Re: Security Council Says Get Back Israel

The concept regarding a separate Palestinian state was initially made back in 1947 by the UN. And I ask you by what right do the Arabs have to demand the very state they rejected back in 1948. They not only would have had Jordan, they would have had Palestine! The Israelis declared their Independence and were attacked only 24 hours later! Instead of living in Peace with their Jewish neighbors the Arabs chose war. There have been five wars, all were initiated by the Arabs. Each time Israel defended itself and won.

Former Chief Justice of the Supreme Court Meir Shamgar wrote in the 1970s that there is no de jure applicability of the 1949 Fourth Geneva Convention regarding occupied territories to the case of the West Bank and Gaza Strip since the Convention "is based on the assumption that there had been a sovereign who was ousted and that he had been a legitimate sovereign." In fact, prior to 1967, Jordan had occupied the West Bank and Egypt had occupied the Gaza Strip; their presence in those territories was the result of their illegal invasion in 1948. Jordan's 1950 annexation of the West Bank was recognized only by Great Britain and Pakistan and rejected by the vast majority of the international community, including the Arab states.

International jurists generally draw a distinction between situations of "aggressive conquest" and territorial disputes that arise after a war of self-defense. Former State Department Legal Adviser Stephen Schwebel, who later headed the International Court of Justice in the Hague, wrote in 1970 regarding Israel's case ; " Where the prior holder of territory had seized that territory unlawfully, the state which subsequently takes that territory in the lawful exercise of self-defense has, against that prior holder, better title." Israel only entered the West Bank after repeated Jordanian artillery fire and ground movements across the previous armistice lines; additionally, Iraqi forces crossed Jordanian territory and were poised to enter the West Bank. Under such Circumstances, even the UN rejected Soviet efforts to have Israel branded as the aggressor in the Six-Day War.
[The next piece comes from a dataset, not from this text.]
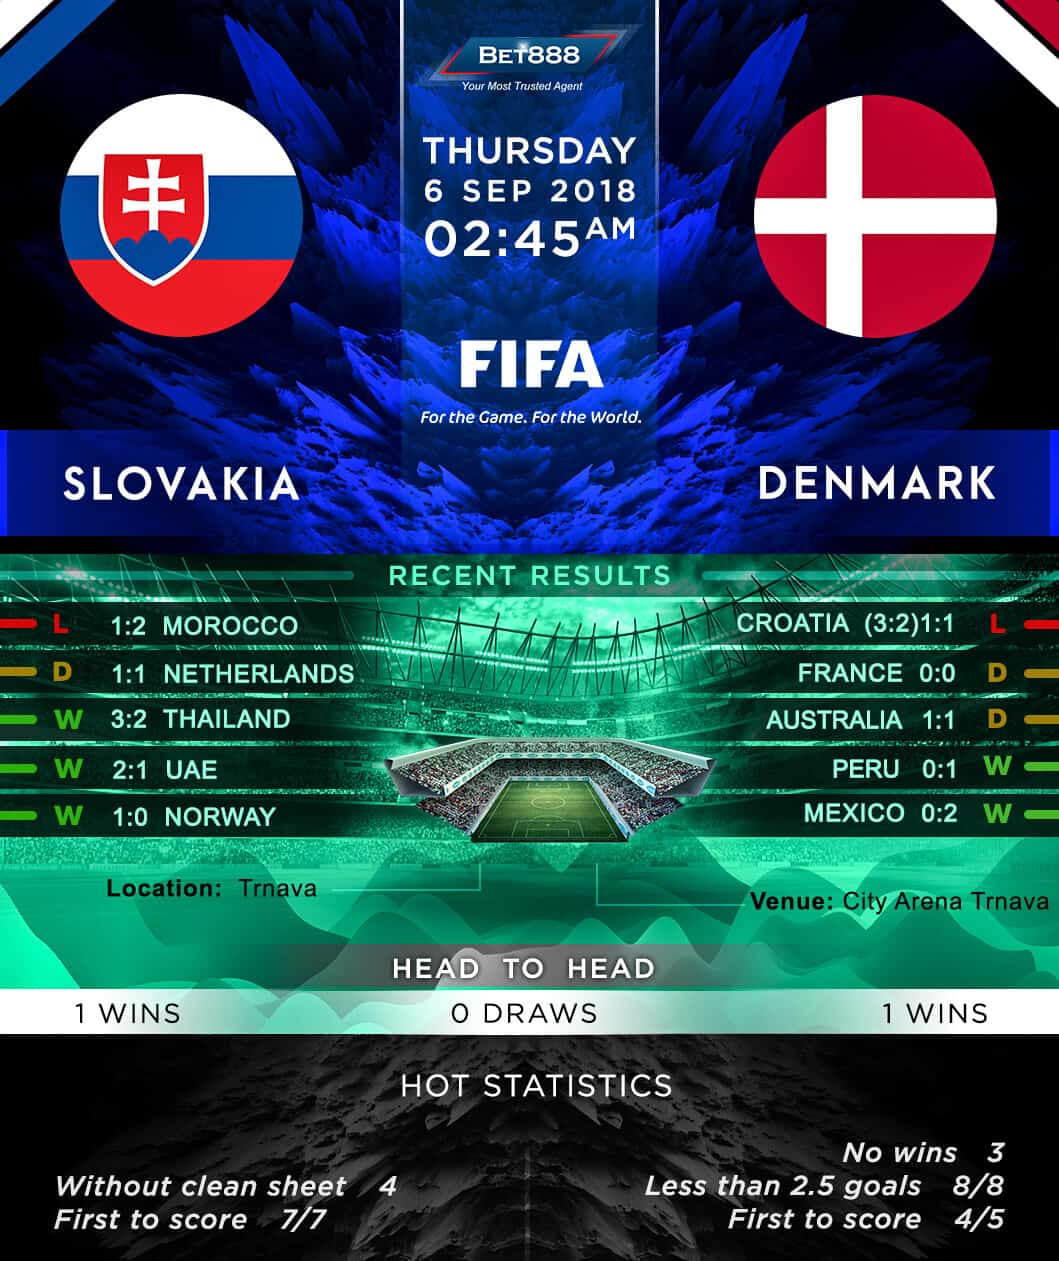 Slovakia vs Denmark 06/09/18

In any case, under UN Secretary Council Resolution 242 from November 1967, that has served as the basis of the 1991 Madrid Conference and the 1993 Declaration of Principles, Israel is only expected to withdraw "from territories" to "secure and recognized boundaries" and not from "all the territories" captured in the Six-Day War. This language resulted from months of painstaking diplomacy. Thus, the UN Security Council recognized that Israel was entitled to part of these territories for new defensible borders. Taken together with UN Security Council Resolution 338, it became clear that only negotiations would determine which portion of these territories would eventually become "Israeli territories or territories to be retained by Israel's Arab counterpart.

The last international legal allocation of territory that includes those strategic zones of what is today the West Bank and Gaza Strip occurred with the 1922 League of Nations Mandate for Palestine which recognized Jewish national rights in the whole of the Mandated territory. Moreover, these rights were preserved under the United Nations as well according to Article 80 of the UN Charter, despite the termination of the League of Nations in 1946. Given these fundamental sources of international legality, Israel cannot be characterized as a "foreign occupier" with respect to the West Bank and Gaza Strip.